- COLLECTED MATERIAL:
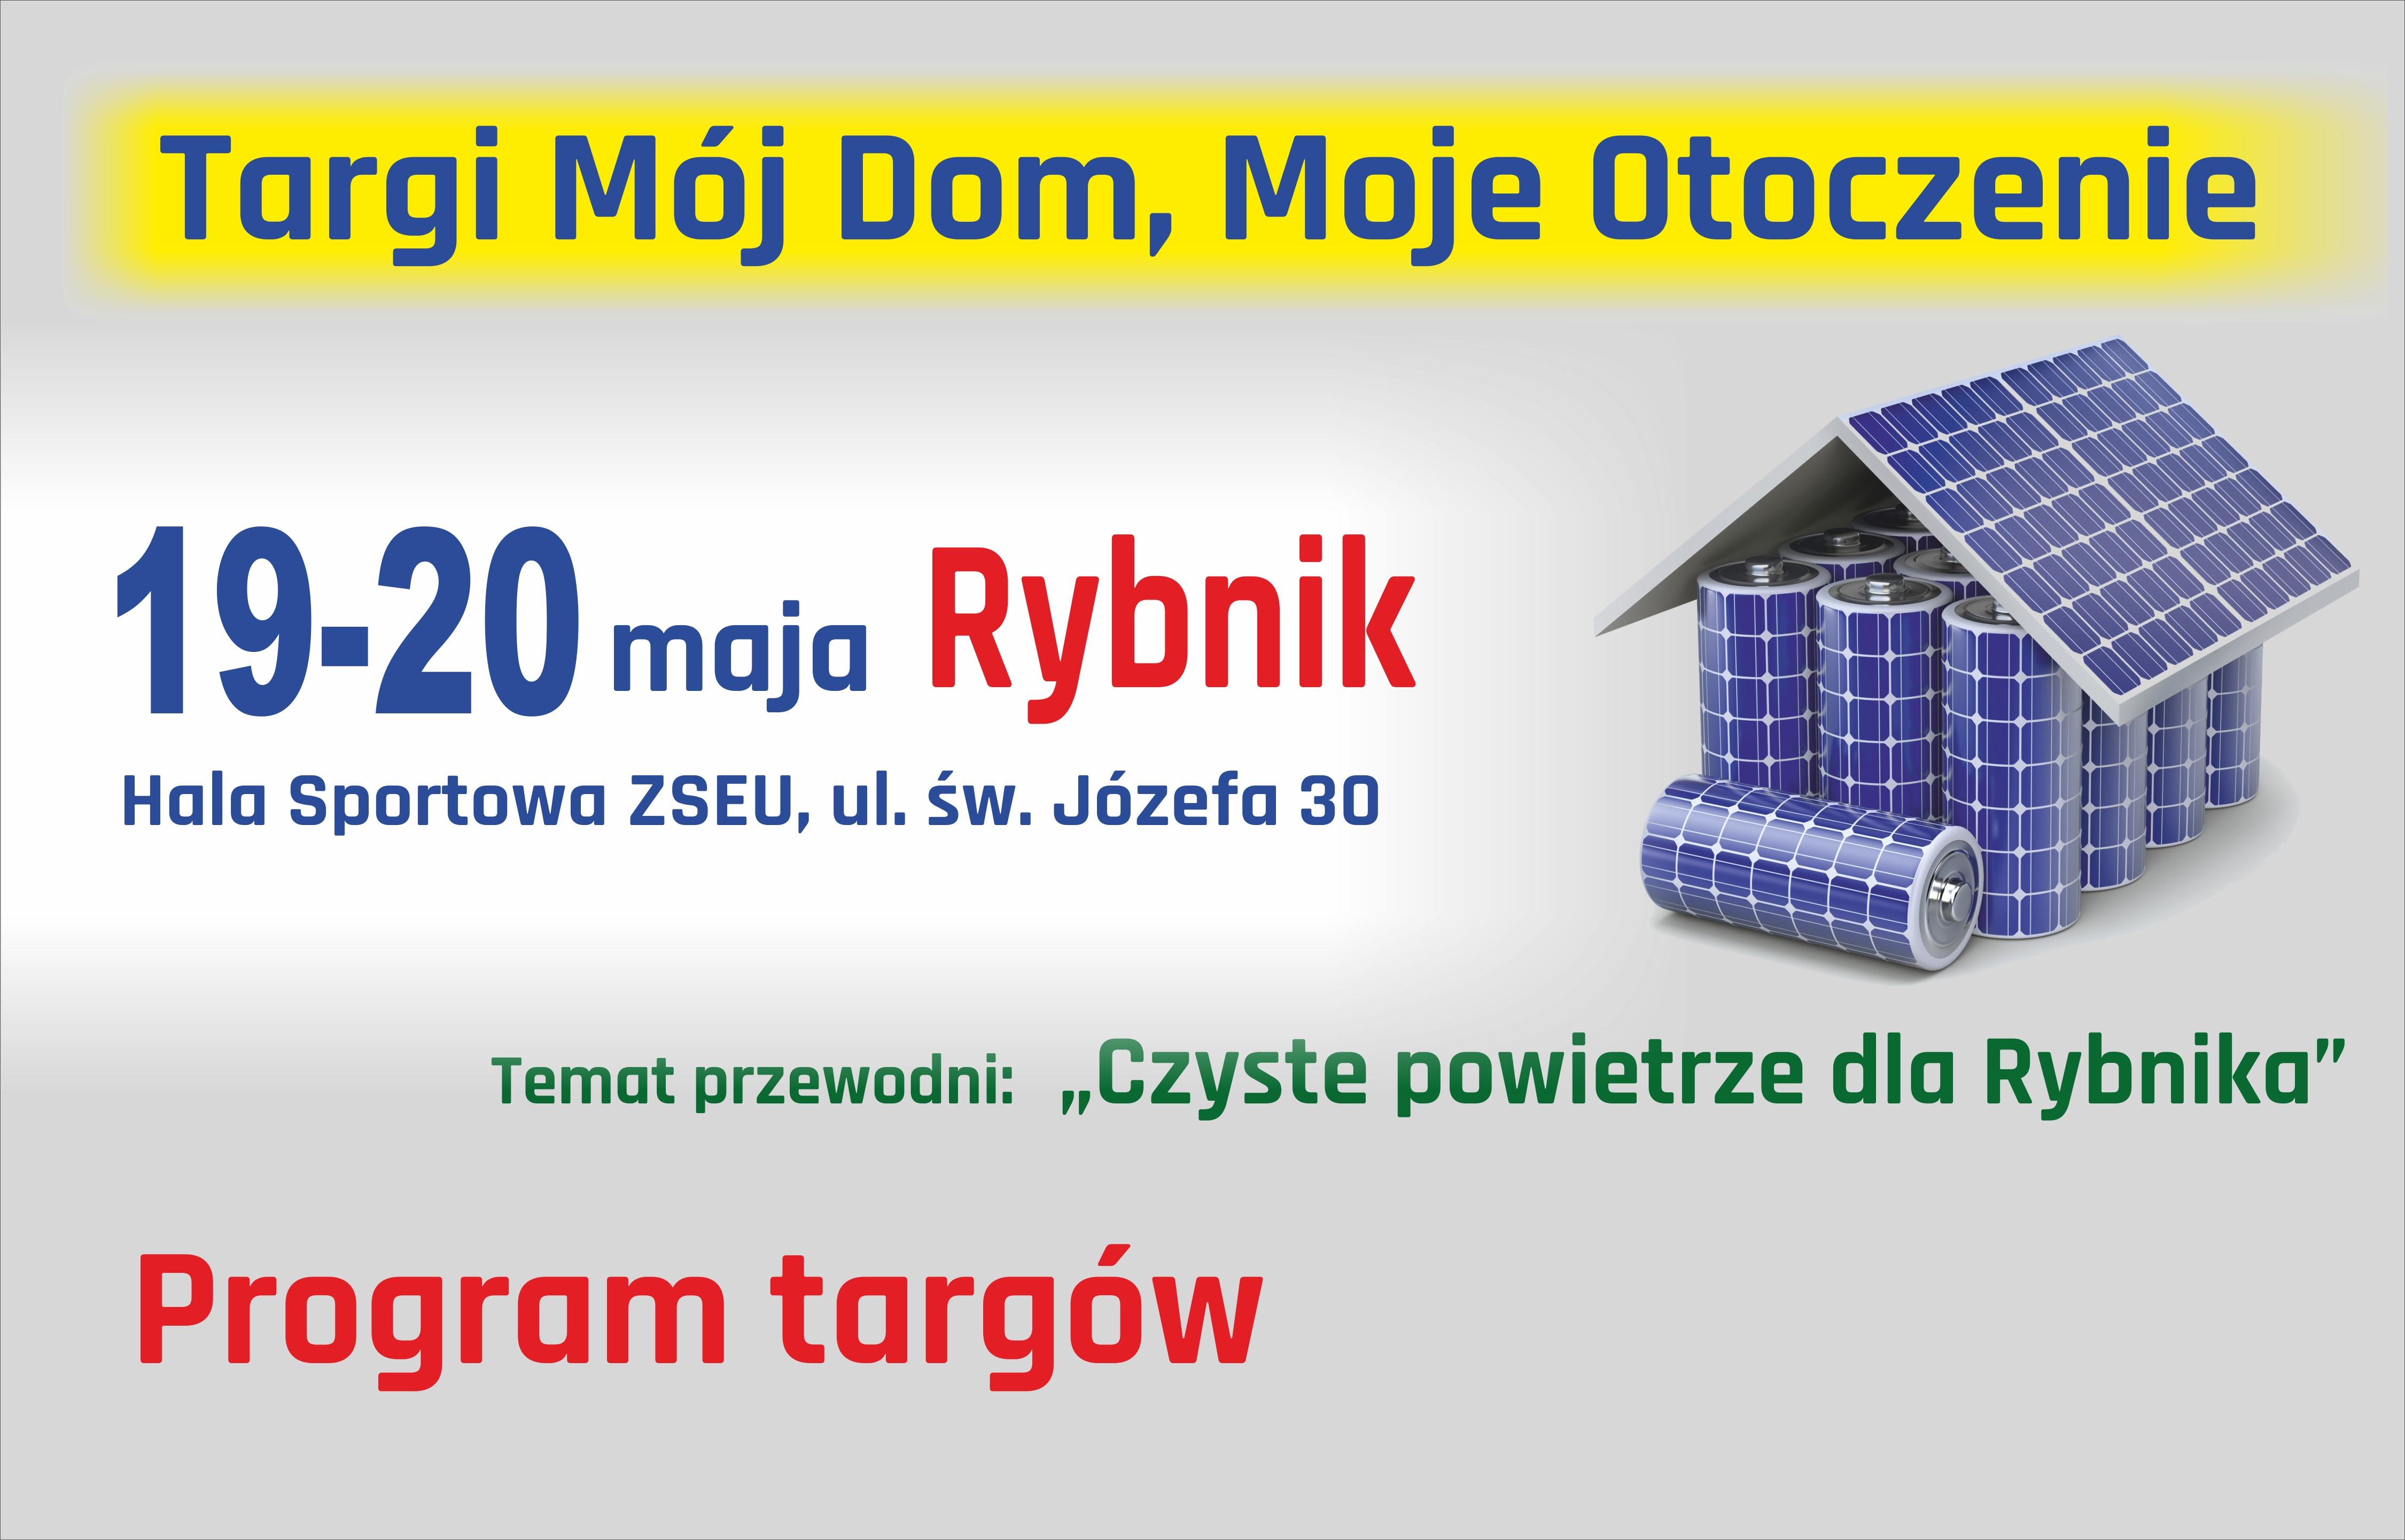 Zapraszamy do zapoznania się z programem targów Promocja-Targi.pl
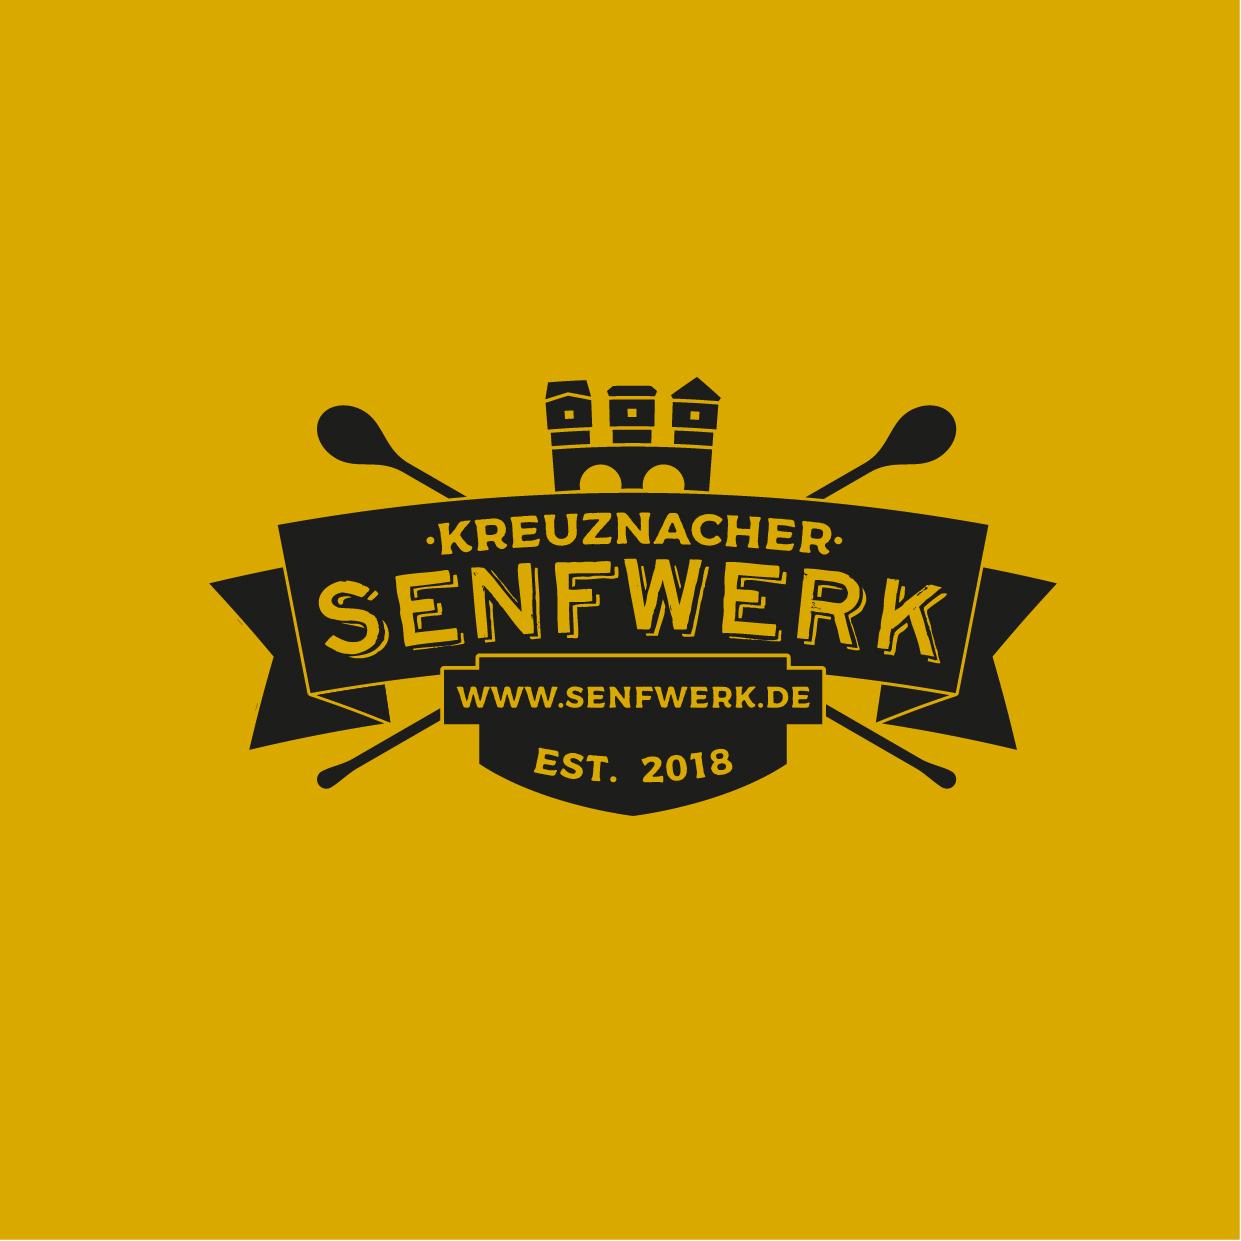 Logo_Senfwerk_Zeichenfläche 1_Zeichenfläche 1.jpg
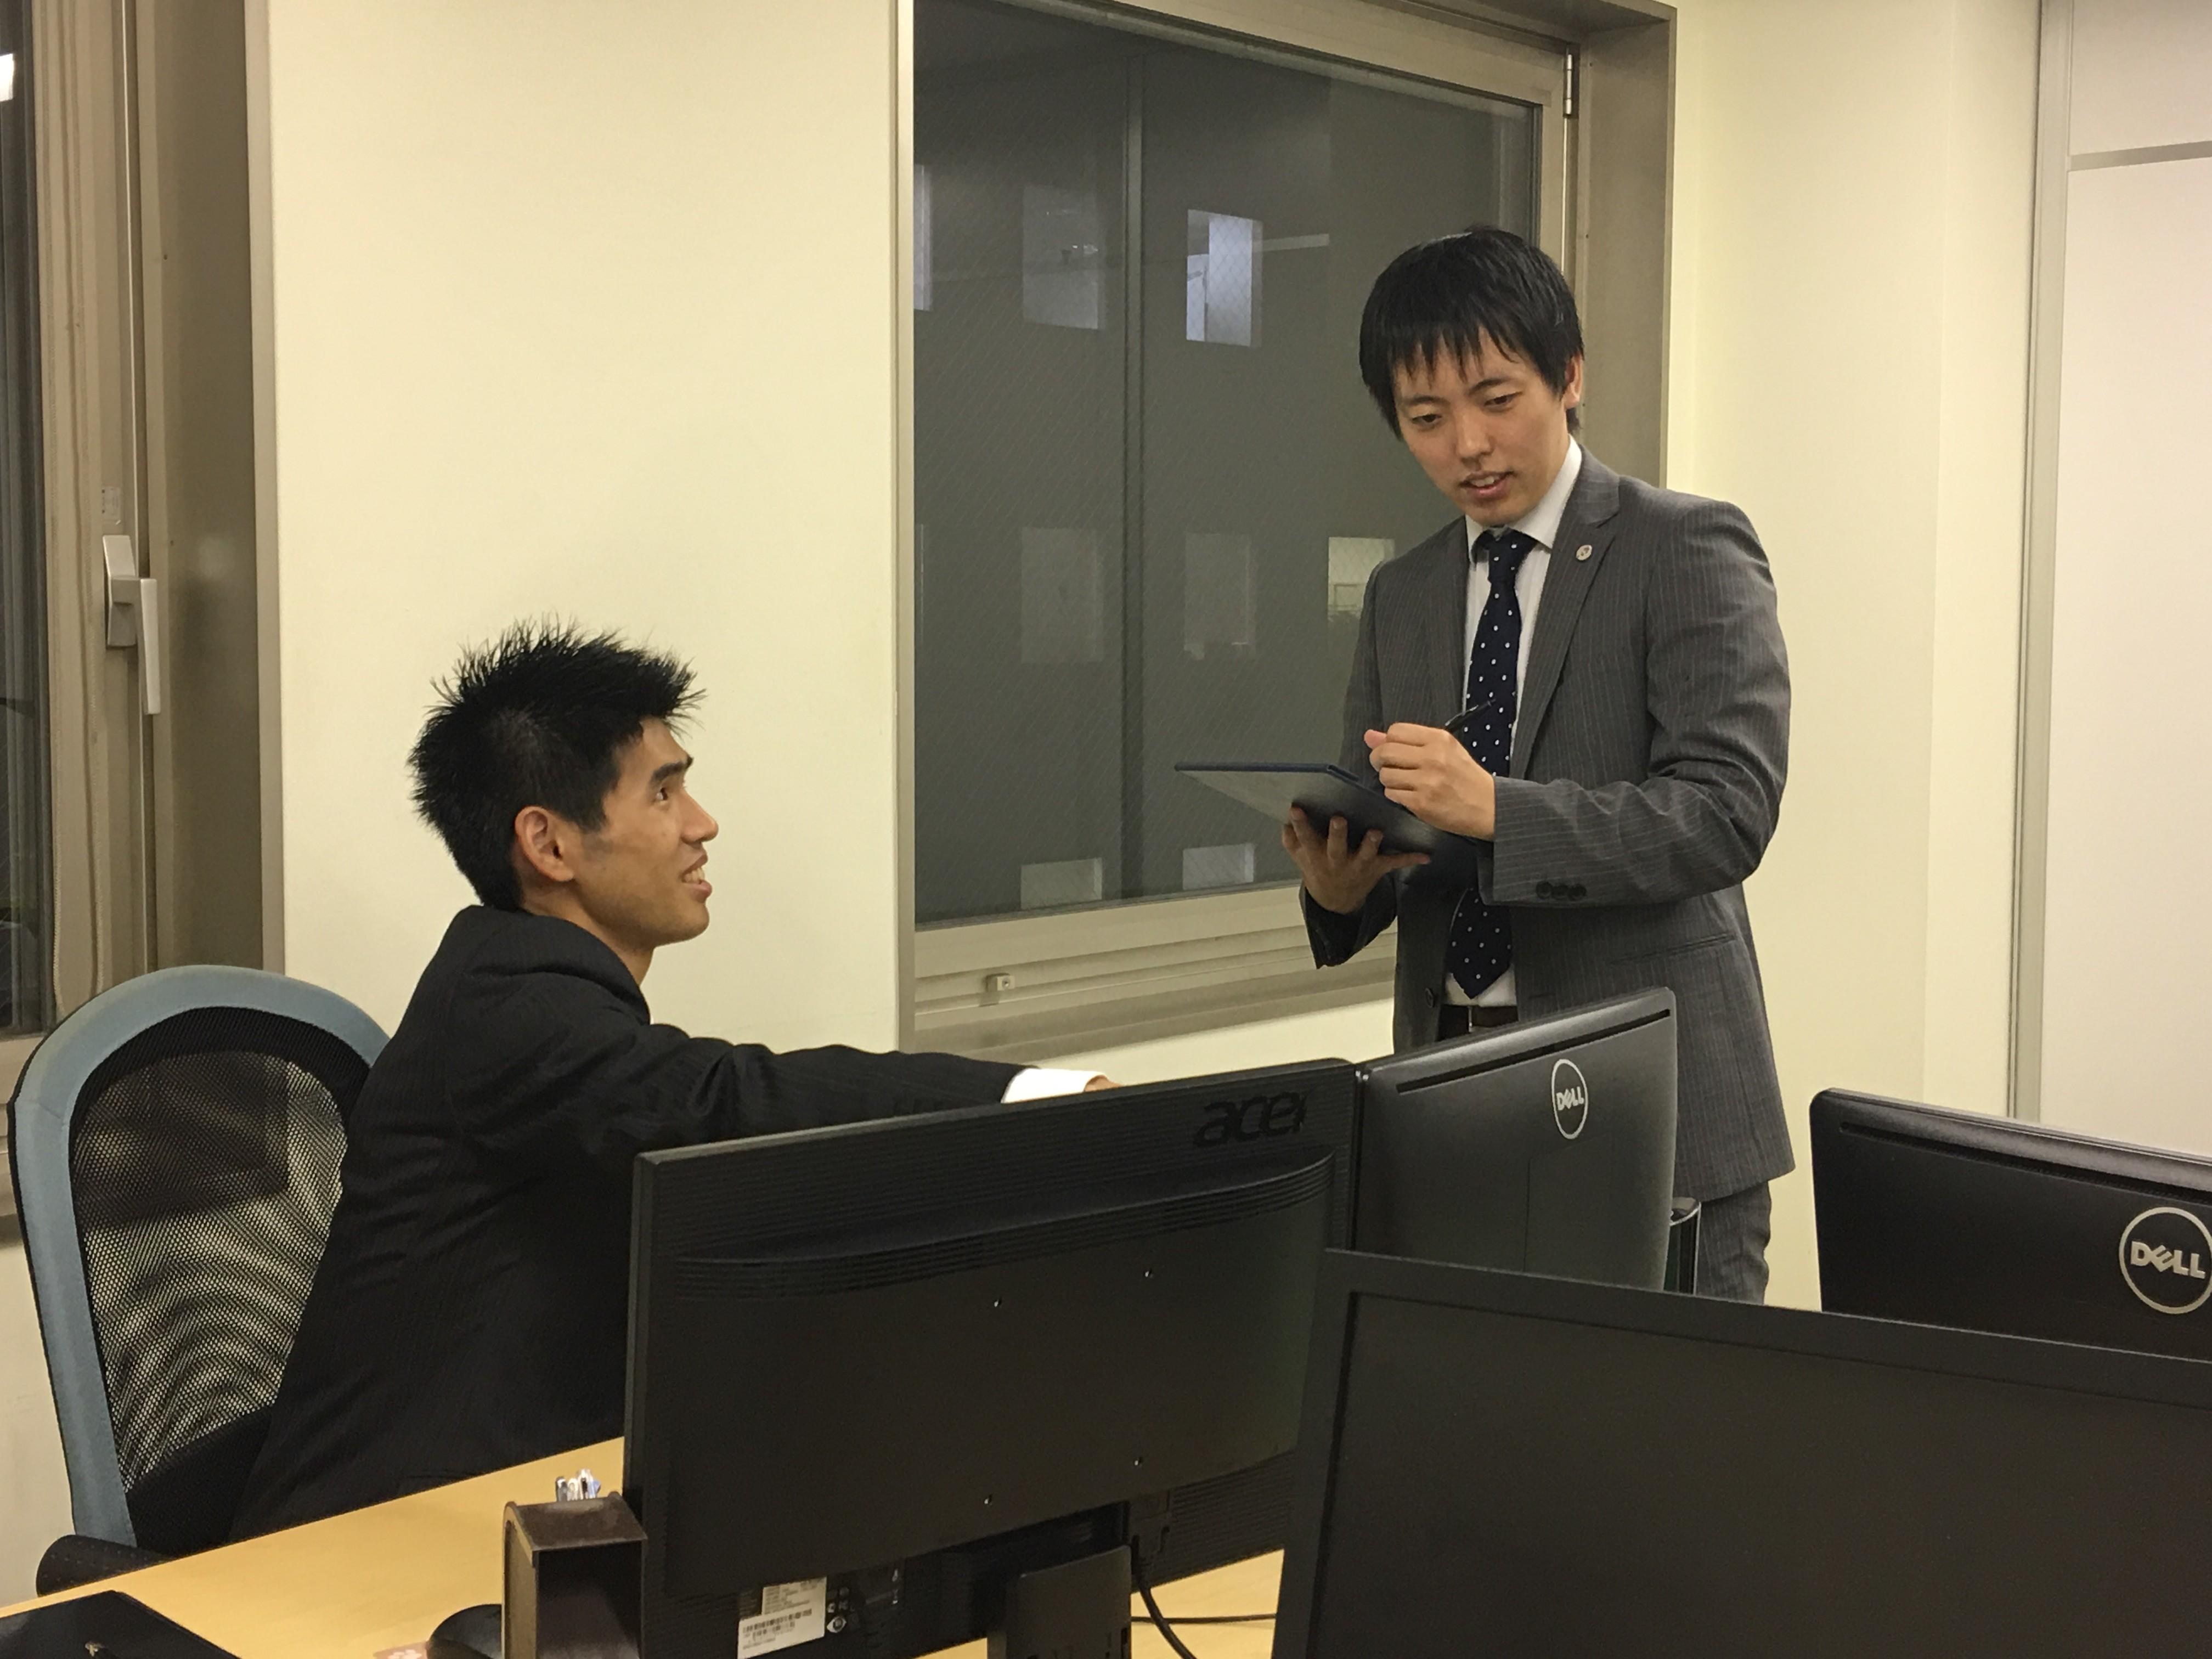 日本メディカル株式会社 千葉事業所 のアルバイト情報

- DIRECTIONS: Print the material above verbatim except the pictures.

- OUTPUT FOR THIS TASK:
 Zapraszamy do zapoznania się z programem targów Promocja-Targi.pl
 Logo_Senfwerk_Zeichenfläche 1_Zeichenfläche 1.jpg
 日本メディカル株式会社 千葉事業所 のアルバイト情報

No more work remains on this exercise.